Make it easier to implement future qwen controlnets. (#9485)

2025-09-11 03:58:22 +00:00 · 2025-08-21 20:18:04 -07:00
parent 7ed73d12d1
commit f7bd5e58dd
3 changed files with 17 additions and 5 deletions
--- a/comfy/controlnet.py
+++ b/comfy/controlnet.py
@@ -236,11 +236,11 @@ class ControlNet(ControlBase):
            self.cond_hint = None
            compression_ratio = self.compression_ratio
            if self.vae is not None:
-                compression_ratio *= self.vae.downscale_ratio
+                compression_ratio *= self.vae.spacial_compression_encode()
            else:
                if self.latent_format is not None:
                    raise ValueError("This Controlnet needs a VAE but none was provided, please use a ControlNetApply node with a VAE input and connect it.")
-            self.cond_hint = comfy.utils.common_upscale(self.cond_hint_original, x_noisy.shape[3] * compression_ratio, x_noisy.shape[2] * compression_ratio, self.upscale_algorithm, "center")
+            self.cond_hint = comfy.utils.common_upscale(self.cond_hint_original, x_noisy.shape[-1] * compression_ratio, x_noisy.shape[-2] * compression_ratio, self.upscale_algorithm, "center")
            self.cond_hint = self.preprocess_image(self.cond_hint)
            if self.vae is not None:
                loaded_models = comfy.model_management.loaded_models(only_currently_used=True)
--- a/comfy/ldm/qwen_image/model.py
+++ b/comfy/ldm/qwen_image/model.py
@@ -293,6 +293,7 @@ class QwenImageTransformer2DModel(nn.Module):
        guidance_embeds: bool = False,
        axes_dims_rope: Tuple[int, int, int] = (16, 56, 56),
        image_model=None,
+        final_layer=True,
        dtype=None,
        device=None,
        operations=None,
@@ -300,6 +301,7 @@ class QwenImageTransformer2DModel(nn.Module):
        super().__init__()
        self.dtype = dtype
        self.patch_size = patch_size
+        self.in_channels = in_channels
        self.out_channels = out_channels or in_channels
        self.inner_dim = num_attention_heads * attention_head_dim

@@ -329,9 +331,9 @@ class QwenImageTransformer2DModel(nn.Module):
            for _ in range(num_layers)
        ])

-        self.norm_out = LastLayer(self.inner_dim, self.inner_dim, dtype=dtype, device=device, operations=operations)
-        self.proj_out = operations.Linear(self.inner_dim, patch_size * patch_size * self.out_channels, bias=True, dtype=dtype, device=device)
-        self.gradient_checkpointing = False
+        if final_layer:
+            self.norm_out = LastLayer(self.inner_dim, self.inner_dim, dtype=dtype, device=device, operations=operations)
+            self.proj_out = operations.Linear(self.inner_dim, patch_size * patch_size * self.out_channels, bias=True, dtype=dtype, device=device)

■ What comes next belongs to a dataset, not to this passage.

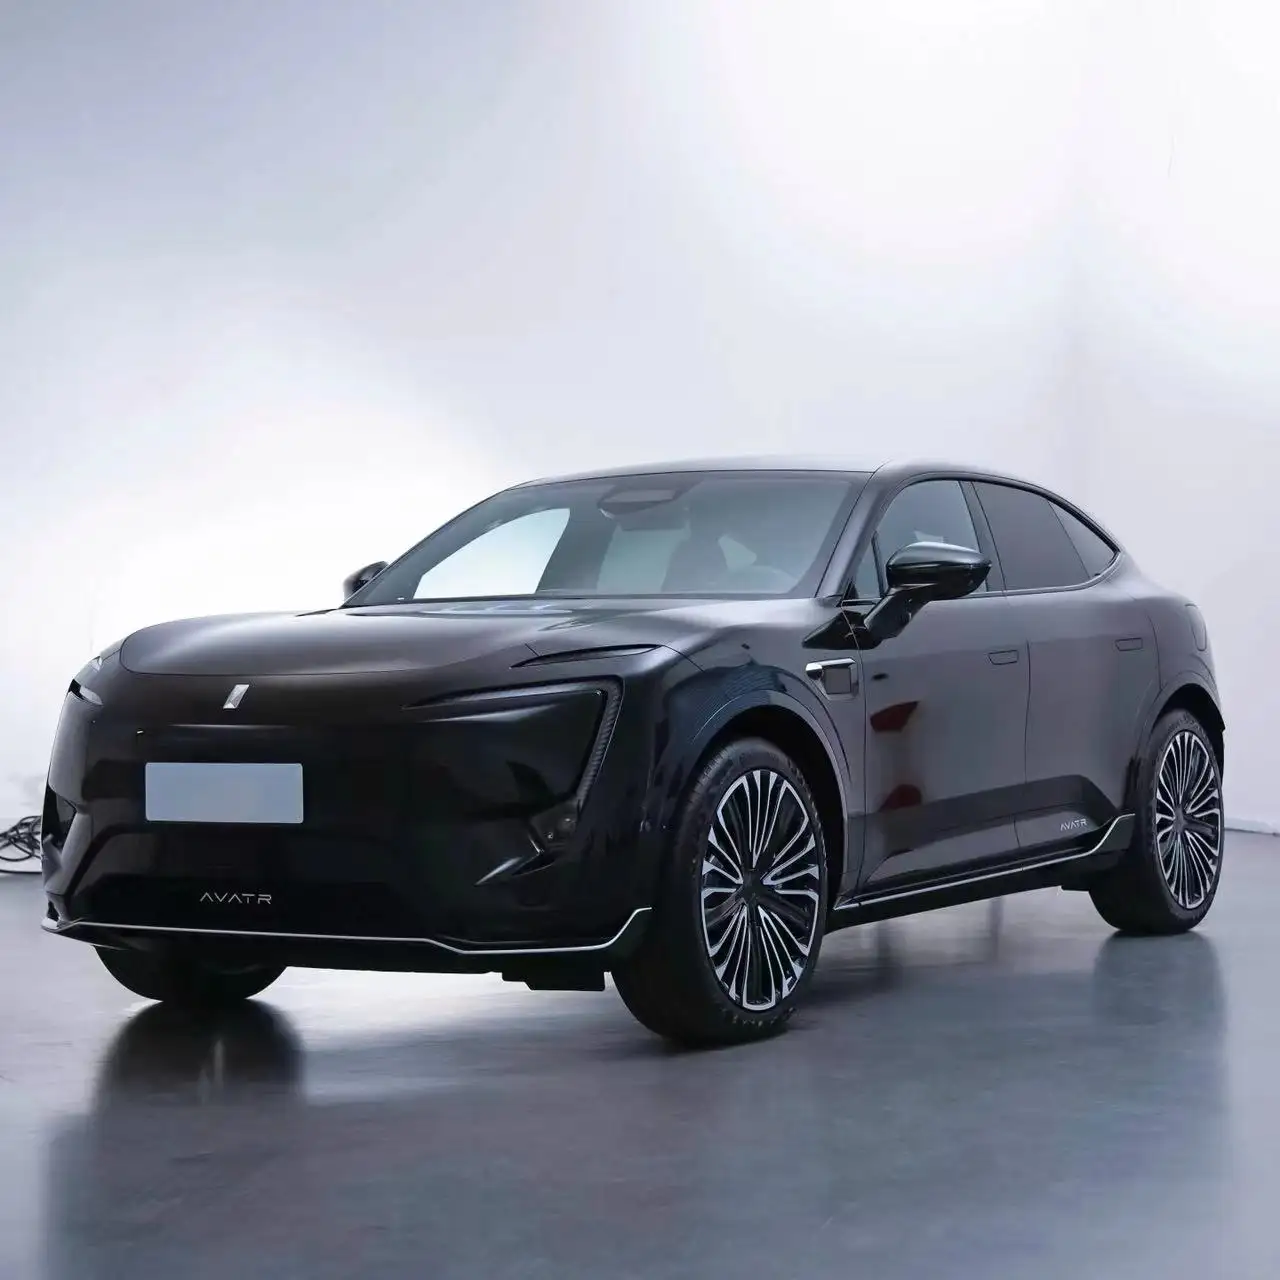 2024 अवेइता 11 इलेक्ट्रिक वाहन लंबी दूरी की नई ऊर्जा कारें लक्जरी एसयूवी हुआ वी एवाटर 11 हाई स्पीड इलेक्ट्रिक कार

    def process_img(self, x, index=0, h_offset=0, w_offset=0):
        bs, c, t, h, w = x.shape
@@ -362,6 +364,7 @@ class QwenImageTransformer2DModel(nn.Module):
        guidance: torch.Tensor = None,
        ref_latents=None,
        transformer_options={},
+        control=None,
        **kwargs
    ):
        timestep = timesteps
@@ -443,6 +446,13 @@ class QwenImageTransformer2DModel(nn.Module):
                    hidden_states = out["img"]
                    encoder_hidden_states = out["txt"]

+            if control is not None: # Controlnet
+                control_i = control.get("input")
+                if i < len(control_i):
+                    add = control_i[i]
+                    if add is not None:
+                        hidden_states += add
+
        hidden_states = self.norm_out(hidden_states, temb)
        hidden_states = self.proj_out(hidden_states)

--- a/comfy/model_detection.py
+++ b/comfy/model_detection.py
@@ -492,6 +492,8 @@ def detect_unet_config(state_dict, key_prefix, metadata=None):
    if '{}txt_norm.weight'.format(key_prefix) in state_dict_keys:  # Qwen Image
        dit_config = {}
        dit_config["image_model"] = "qwen_image"
+        dit_config["in_channels"] = state_dict['{}img_in.weight'.format(key_prefix)].shape[1]
+        dit_config["num_layers"] = count_blocks(state_dict_keys, '{}transformer_blocks.'.format(key_prefix) + '{}.')
        return dit_config

    if '{}input_blocks.0.0.weight'.format(key_prefix) not in state_dict_keys: